• What you will do: Exact copy, pictures excluded: please retype every record below.

-*-*-

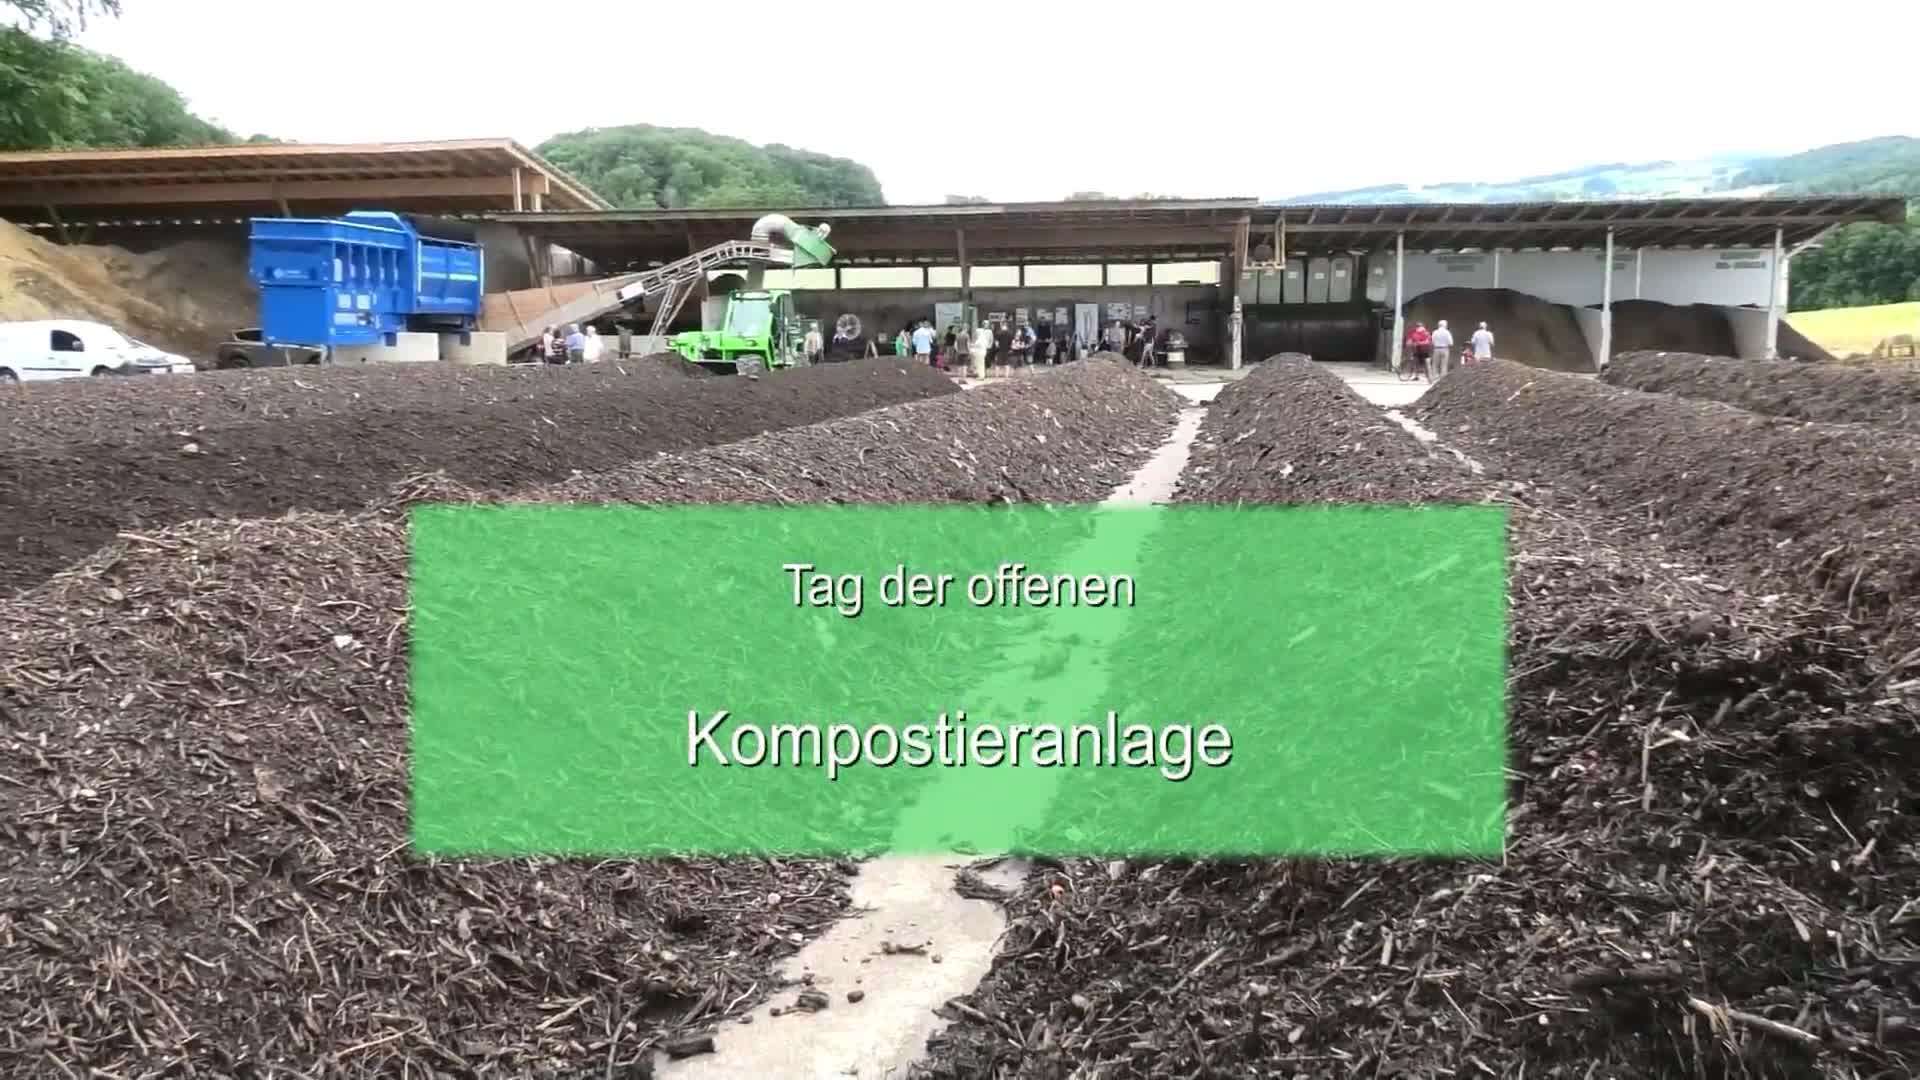 Tag der offenen Kompostieranlage
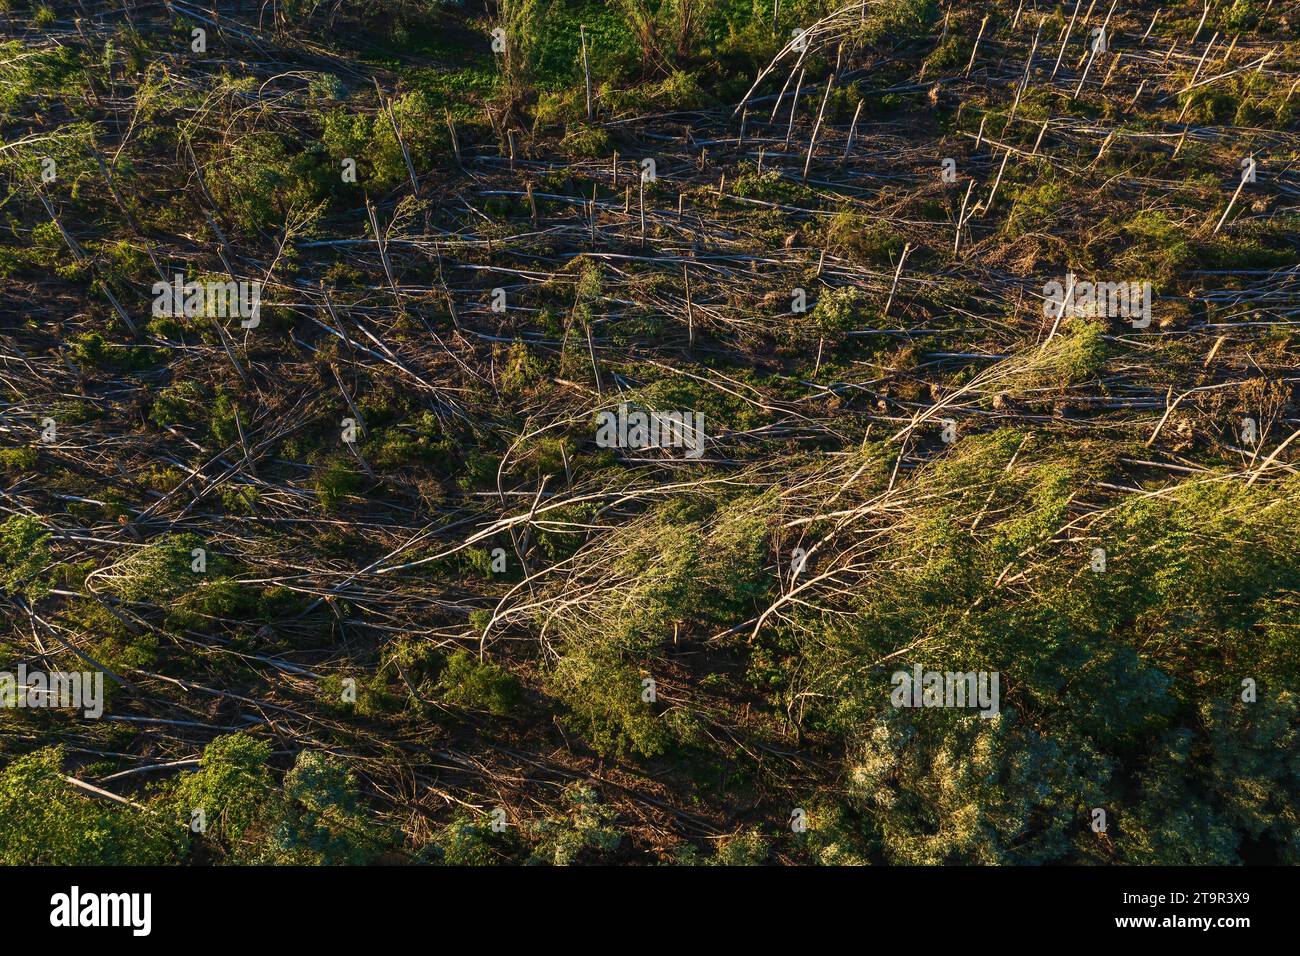 Vue aérienne du paysage forestier dévasté après une tempête supercellulaire en été, prise de vue par drone du paysage de dommages environnementaux depuis le haut Banque D'Images
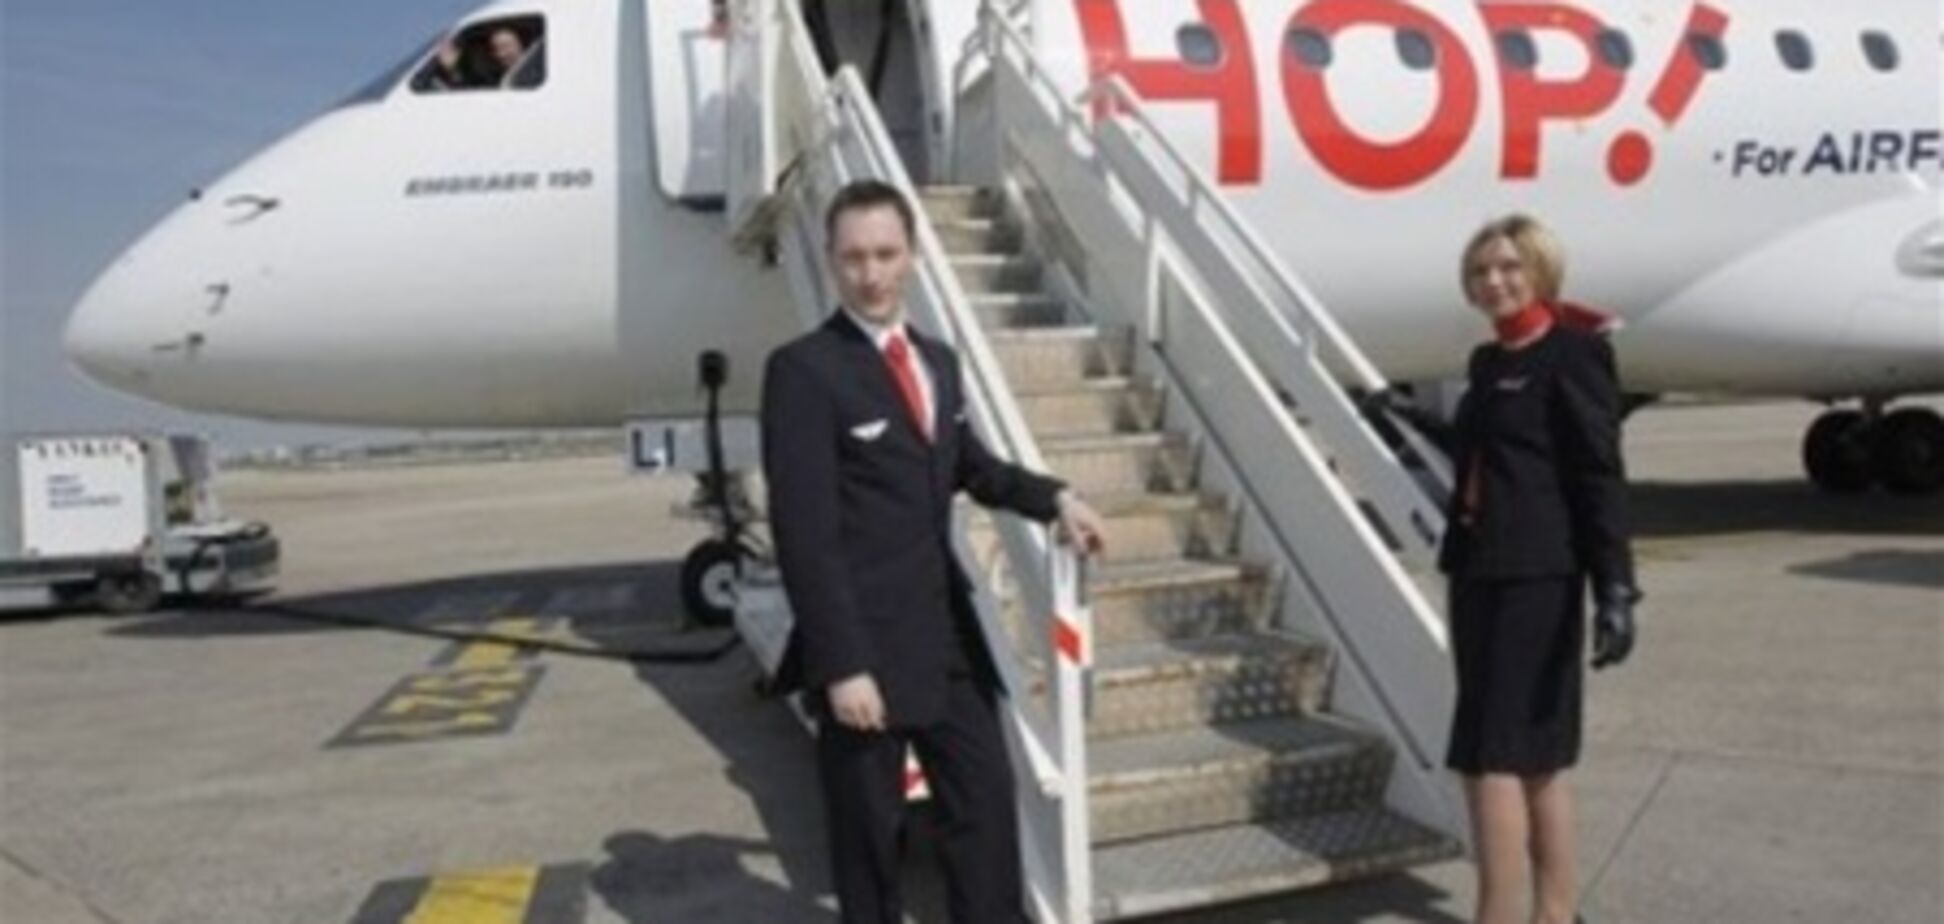 'Air France' запускает лоу-кост авиакомпанию 'Hop!' с авиапарком в 100 самолетов!
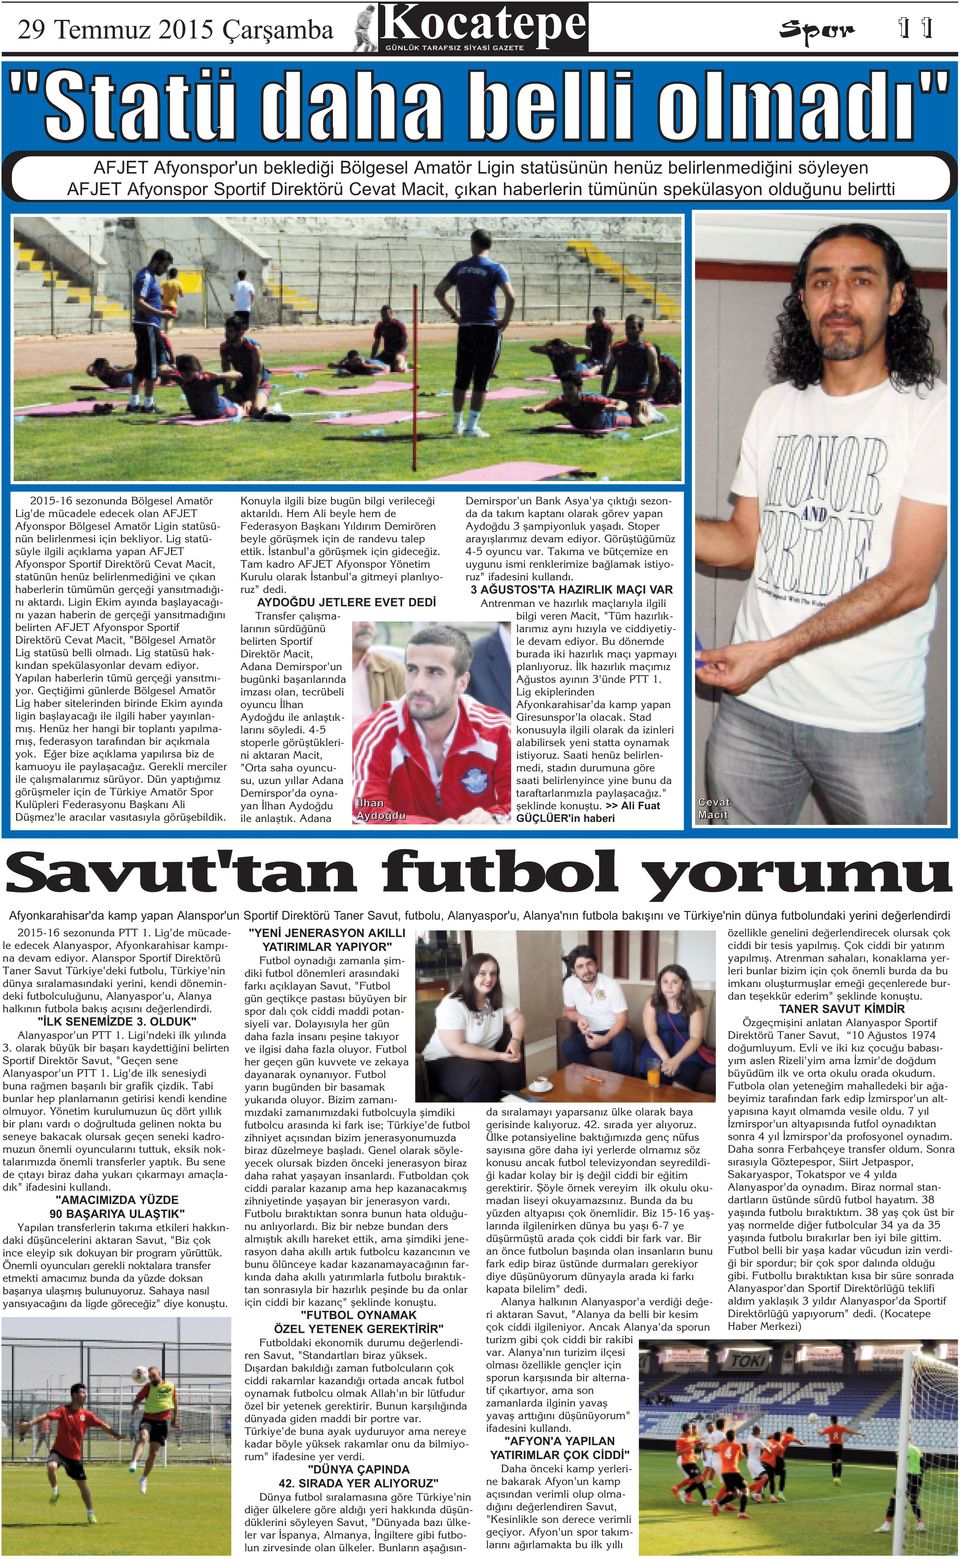 Lig statüsüyle ilgili aç klama yapan AFJET Afyonspor Sportif Direktörü Cevat Macit, statünün henüz belirlenmediğini ve ç kan haberlerin tümümün gerçeği yans tmad ğ n aktard.
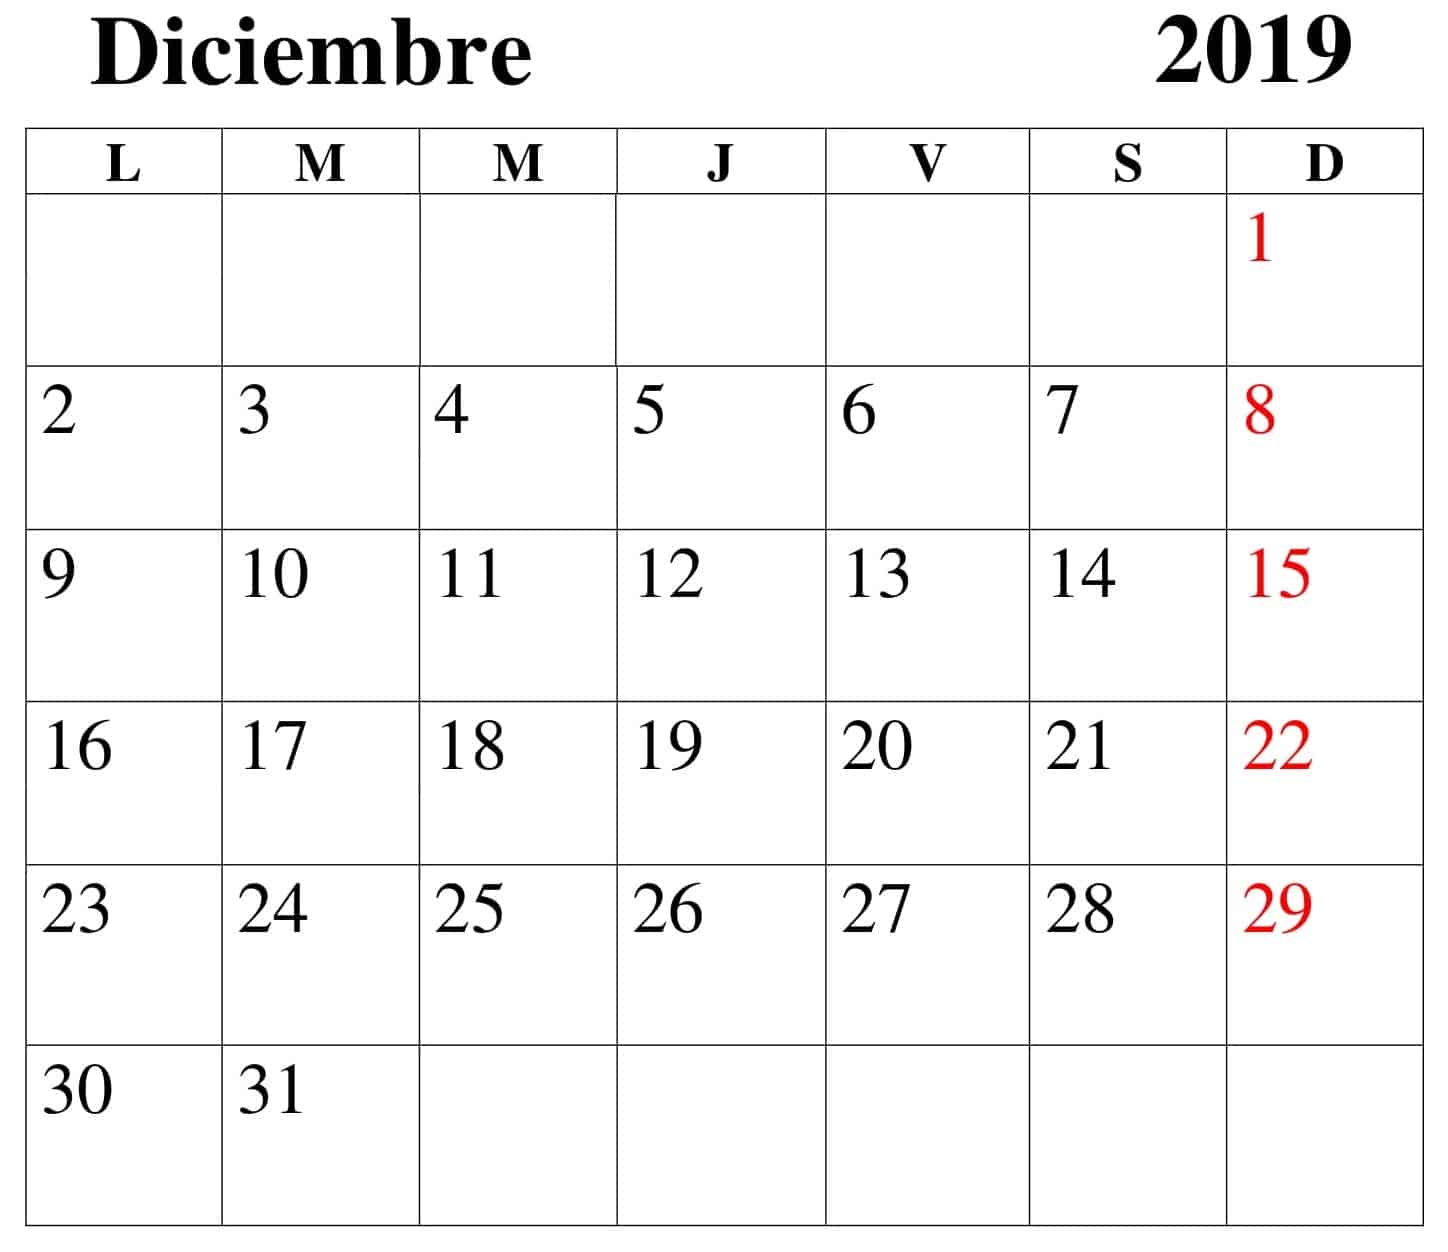 Calendario Diciembre 2019 Para Imprimir

-*-*-

• Exercise answer:
 Tag der offenen Kompostieranlage
 Vue aérienne du paysage forestier dévasté après une tempête supercellulaire en été, prise de vue par drone du paysage de dommages environnementaux depuis le haut Banque D'Images
 'Air France' запускает лоу-кост авиакомпанию 'Hop!' с авиапарком в 100 самолетов!
 Lig statüsüyle ilgili aç klama yapan AFJET Afyonspor Sportif Direktörü Cevat Macit, statünün henüz belirlenmediğini ve ç kan haberlerin tümümün gerçeği yans tmad ğ n aktard.
 Calendario Diciembre 2019 Para Imprimir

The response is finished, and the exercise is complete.